Too the best of my knowledge, the UL/CSA work was done by (or at least commissioned by) Lopper North America--though of course it would have required the involvement of third party, independent labs.

Voltage is 240, single phase (European).  I did not design my off grid system to provide 240v, so have a toroidal transformer to turn my 120 to 240v.  (The toroidal transformers are 90-95% efficient and have almost no standby drain.)  Having 60 Hertz means that the fan rotates at somewhat higher RPMs than would be the case at 50 Hertz.  All the rest of the electronics and etc. are DC--so the 240v is being converted to DC to run most of the boiler.  And I am using a Grundfos Magna pump which is also 240v and is run directly from the boiler control system.  So makes for good match.


----------



## Onfoot (Jan 3, 2014)

FYI, here is the data screen after not quite 3 hours into a burn.  Passion for Fire&Water will note the O2 percentage is considerably improved when there is a fire on...  
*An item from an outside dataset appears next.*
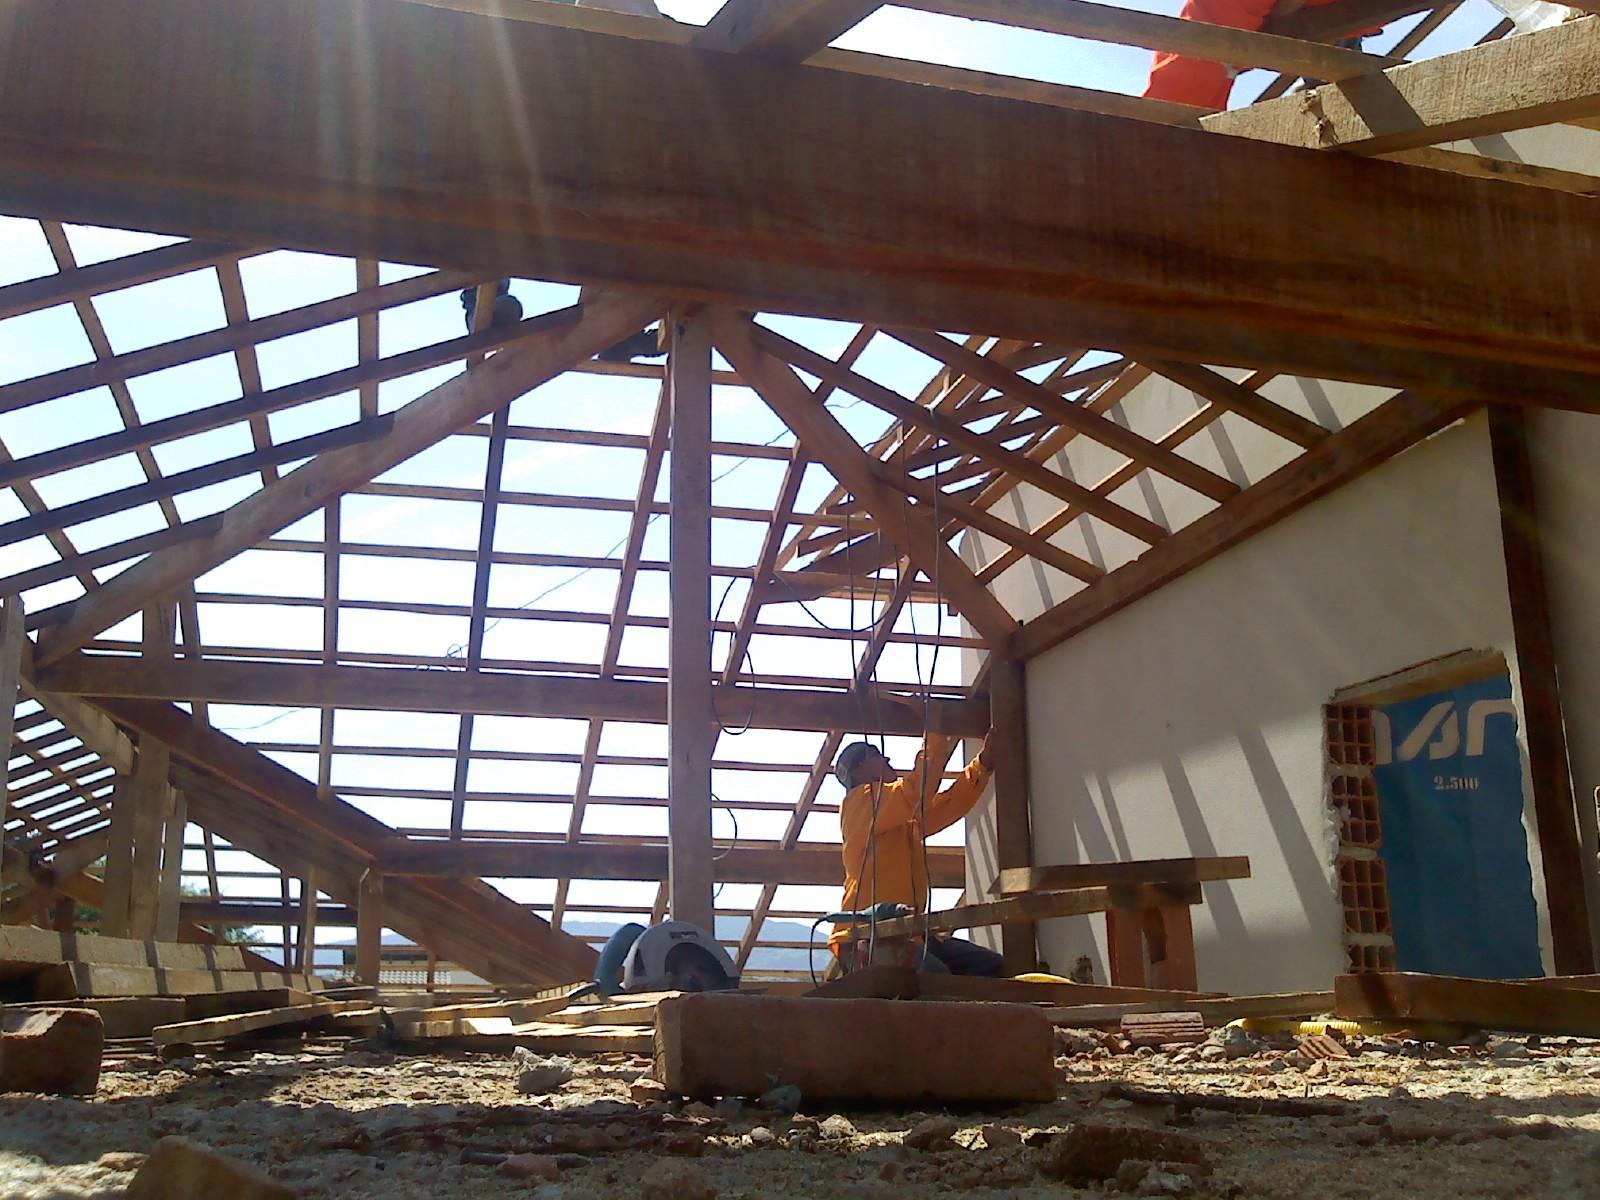 #3D818E Colocação dos batentes contra marcos e madeiramento do telhado 3891 Como Montar Janelas De Aluminio Da Linha Suprema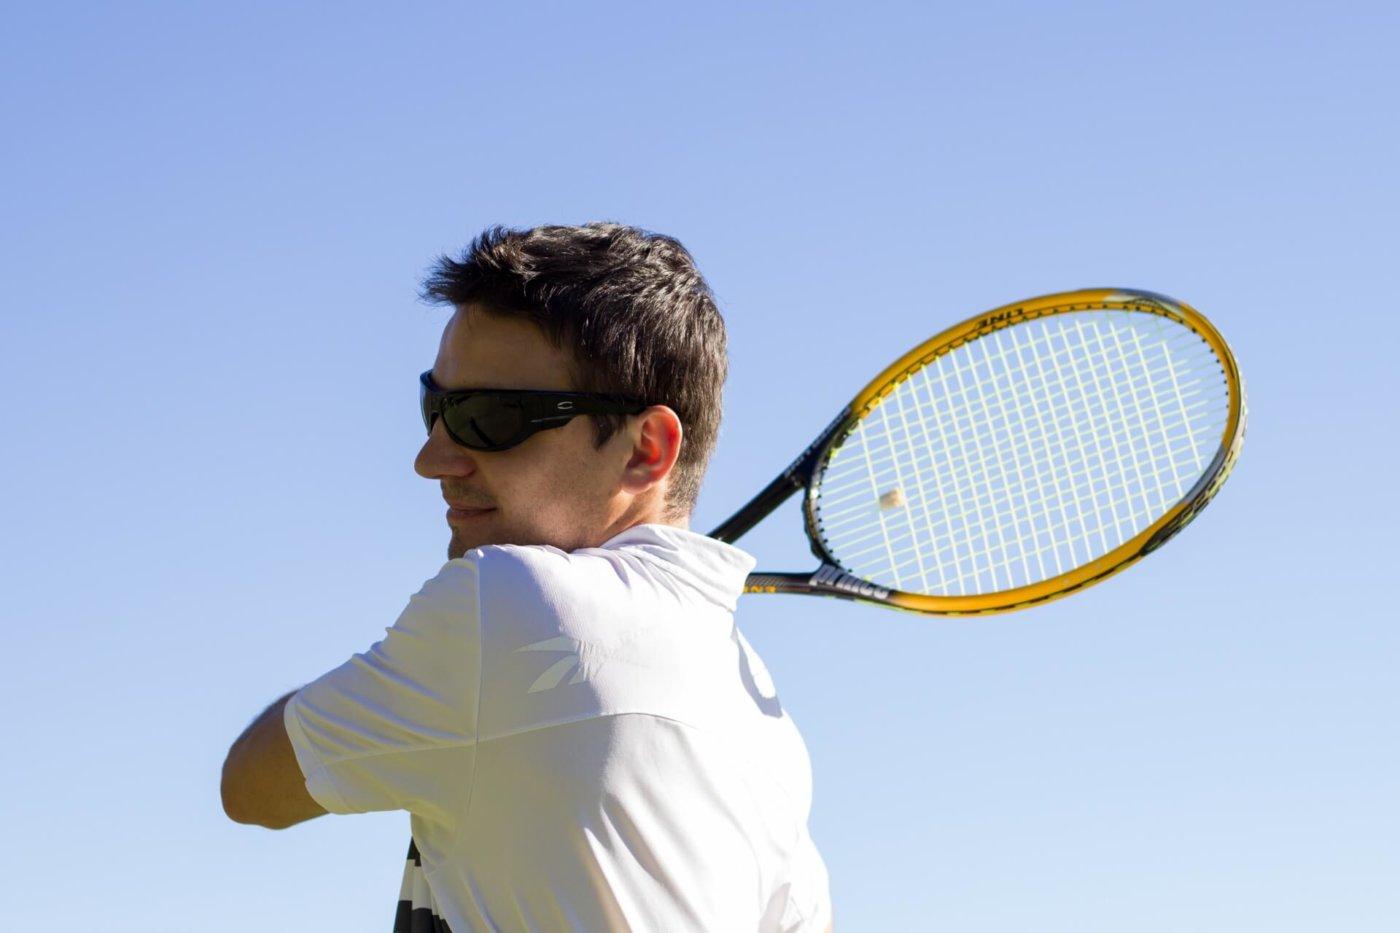 テニスの必需品!?振動止めって何?

Delta T is pretty consistent at 10C to 12C (about 18F to 21F)


	

		
			
		

		
	
 .


----------



## heaterman (Jan 3, 2014)

Lopper is the real deal. A lot like a Kob


----------



## Chris Hoskin (Jan 6, 2014)

heaterman said:


> Lopper is the real deal. A lot like a Kob



I had the same thought, heaterman.  Anyone know if one is the OEM for the other?


----------



## heaterman (Jan 6, 2014)

I'm not at liberty to name names but the Lopper is built here in the states and headed up by a couple guys who are "into" the wood burning scene right up to their eyeballs. There are some really good people behind this and I wish them well.

The Lopper is basically the design that KOB started out with before they were bought by Viessmann and "watered down" somewhat. Top notch stuff here that takes a back seat to no boiler on the market.


----------



## Chris Hoskin (Jan 6, 2014)

interesting, heaterman.  With the 240V / 50hz issues, I assumed European mfg.


----------



## heaterman (Jan 6, 2014)

The boiler is made here, not sure about controls. I'm thinking there is also direct "German bloodline" involved in the boiler design.  Just guessing there but from what I have seen of early Kob units in the past, this one sure appears to be a knock off or maybe even a copy.


----------



## henfruit (Jan 6, 2014)

When I spoke to them. They said they were waiting for boilers to arrive from Europe? They also said they had not had them ul tested yet.


----------



## Vizsla (Jan 6, 2014)

There are lots of versions of made in the USA. And sometimes it's just stickered or labeled here. Can't put AGA or ASME labels on outside of the states. 
Either way. Nice unit, and anything German is a good design.  I don't know what would be so secret about a few names unless there is something to hide. 
Nothing a business search or origin of materials wouldn't reveal.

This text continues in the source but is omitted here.